Would you set down the data that follows, word for word, without any pictures?

INPUT DATA:
== Segment start ==

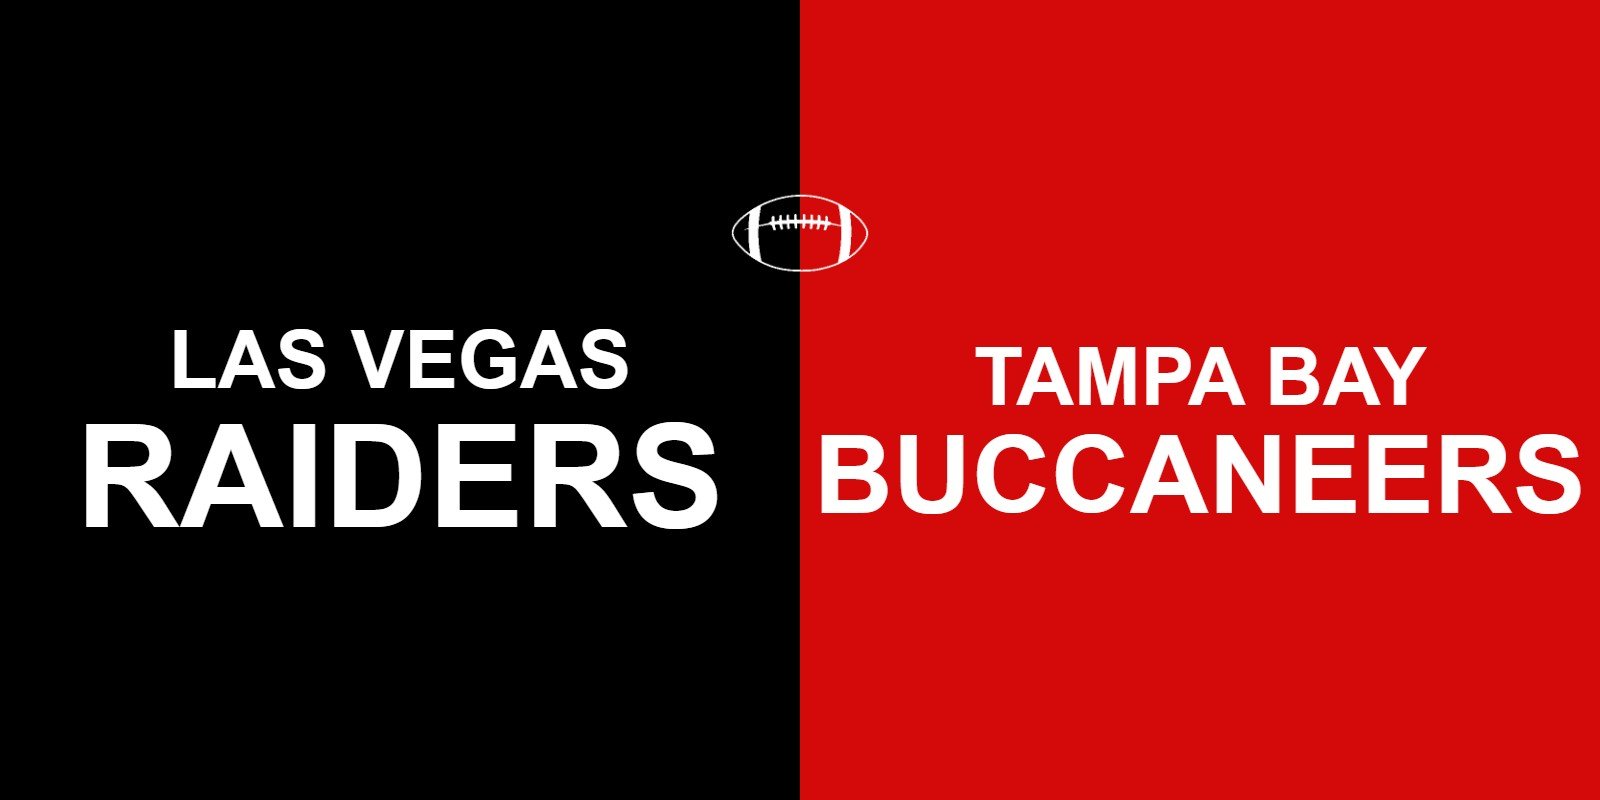 Raiders vs Buccaneers
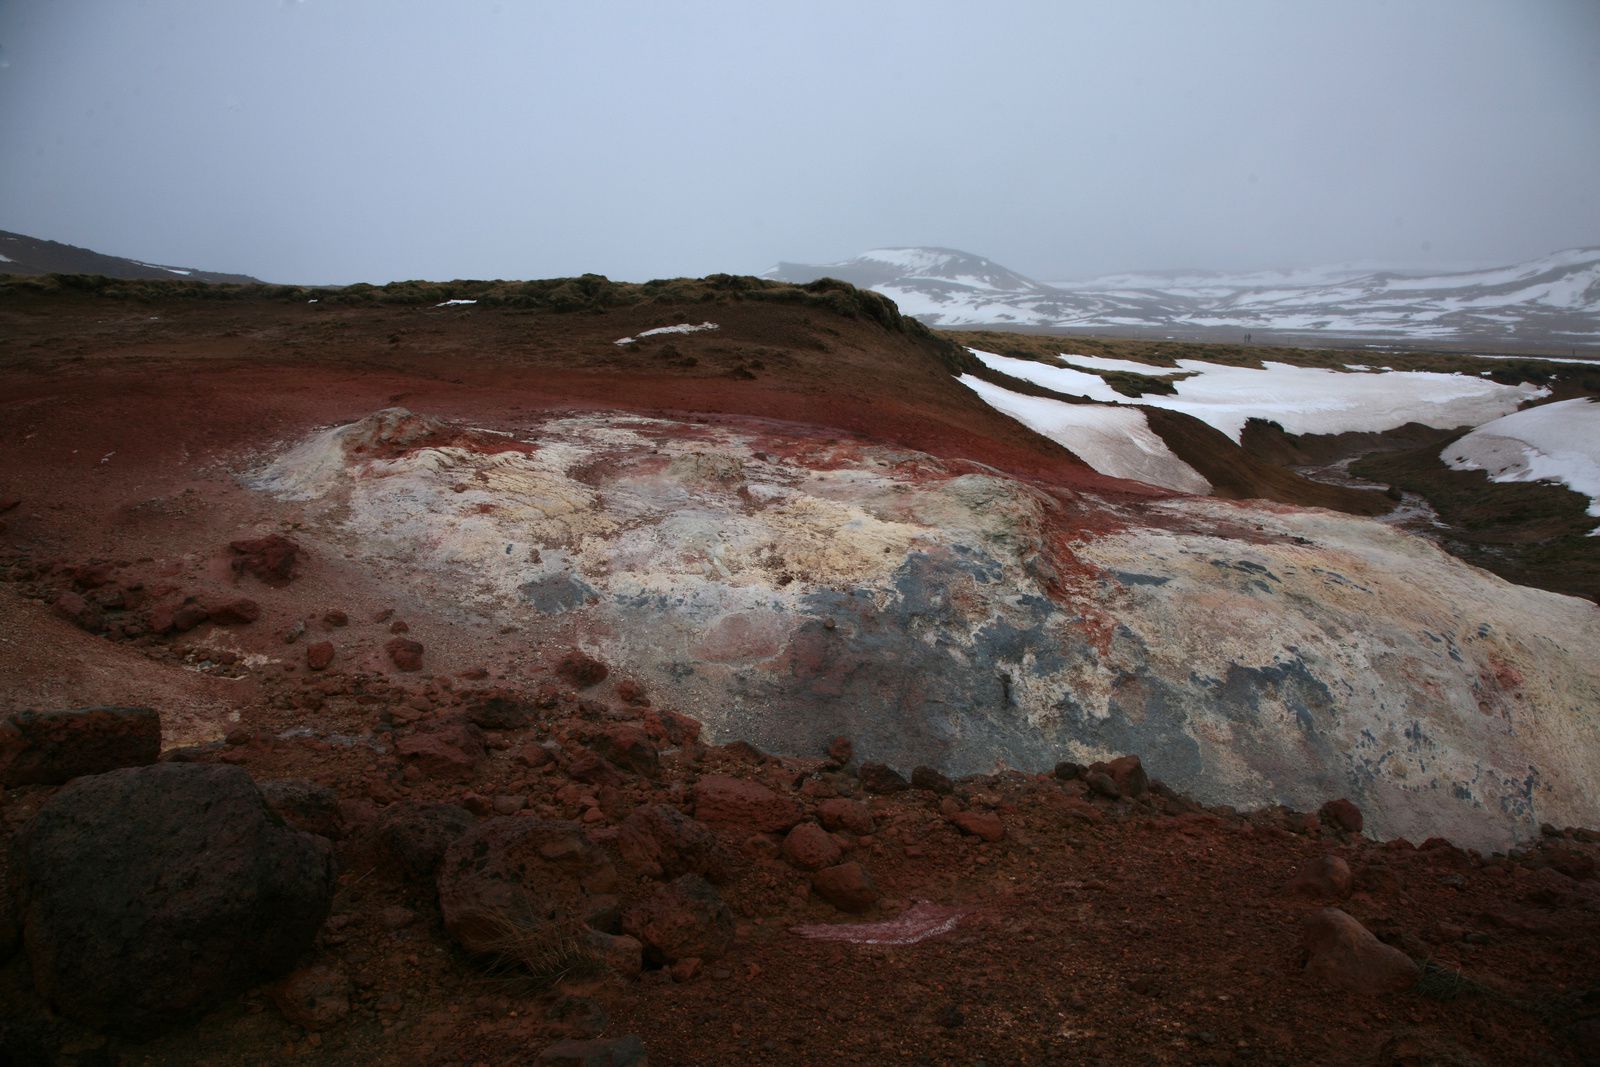 Le champ géothermal de Krísuvík-Seltún - accords de teinte entre les roches altérées, oxydées et le ciel plombé - photo © Bernard Duyck 2015
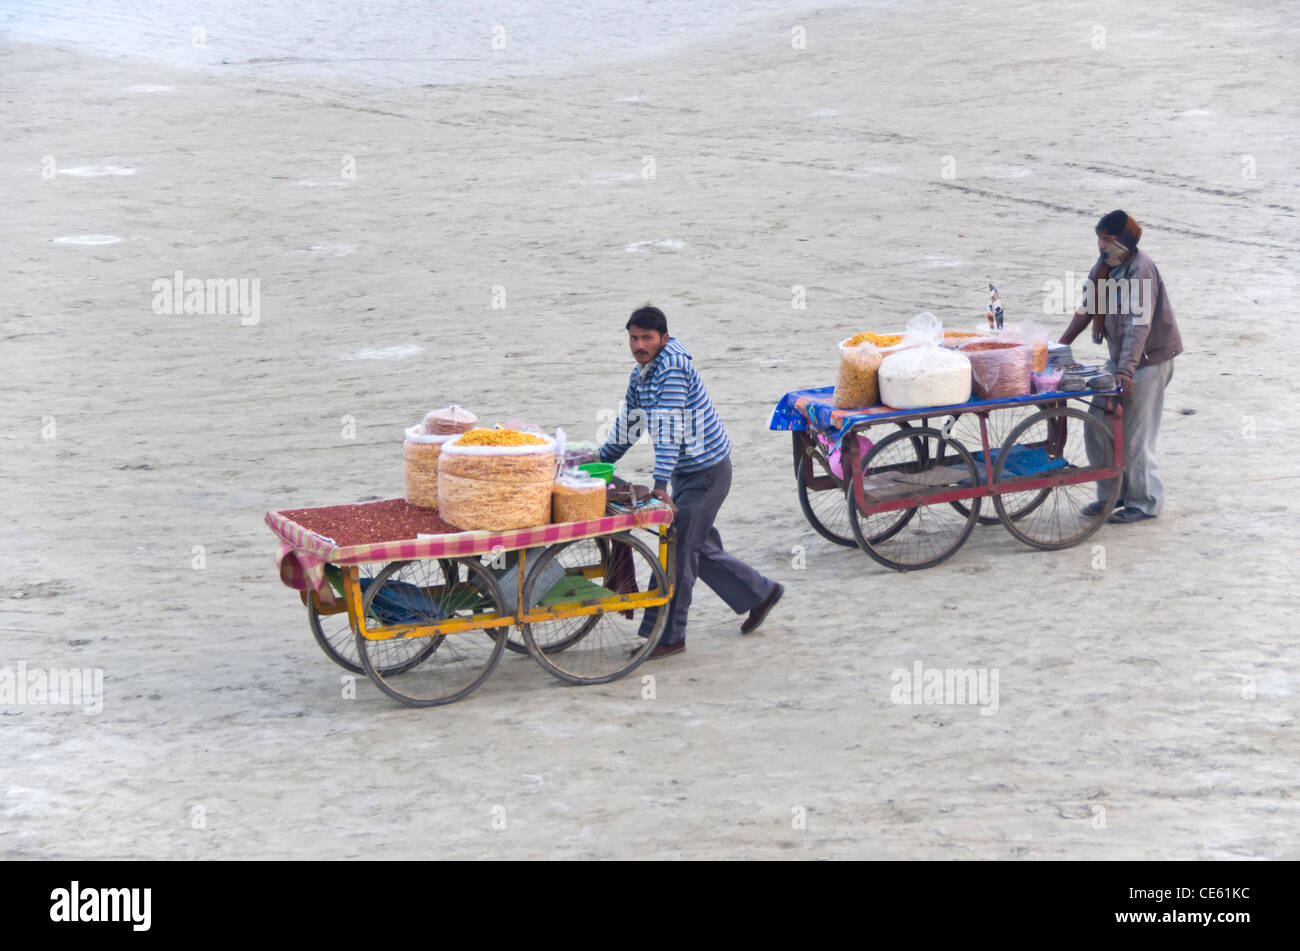 Deux colporteurs vendant des collations indiennes frit sur les rives du fleuve Ganga à l'occasion de Magh Mela, Allahabad Banque D'Images

== Segment end ==

ANSWER TO THE PROBLEM:
 Raiders vs Buccaneers
 Le champ géothermal de Krísuvík-Seltún - accords de teinte entre les roches altérées, oxydées et le ciel plombé - photo © Bernard Duyck 2015
 Deux colporteurs vendant des collations indiennes frit sur les rives du fleuve Ganga à l'occasion de Magh Mela, Allahabad Banque D'Images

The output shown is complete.